Dataset section:

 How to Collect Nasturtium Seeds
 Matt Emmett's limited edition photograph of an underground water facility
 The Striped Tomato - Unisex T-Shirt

Task item: Make an exact copy of the data above.

Output of the task:
 How to Collect Nasturtium Seeds
 Matt Emmett's limited edition photograph of an underground water facility
 The Striped Tomato - Unisex T-Shirt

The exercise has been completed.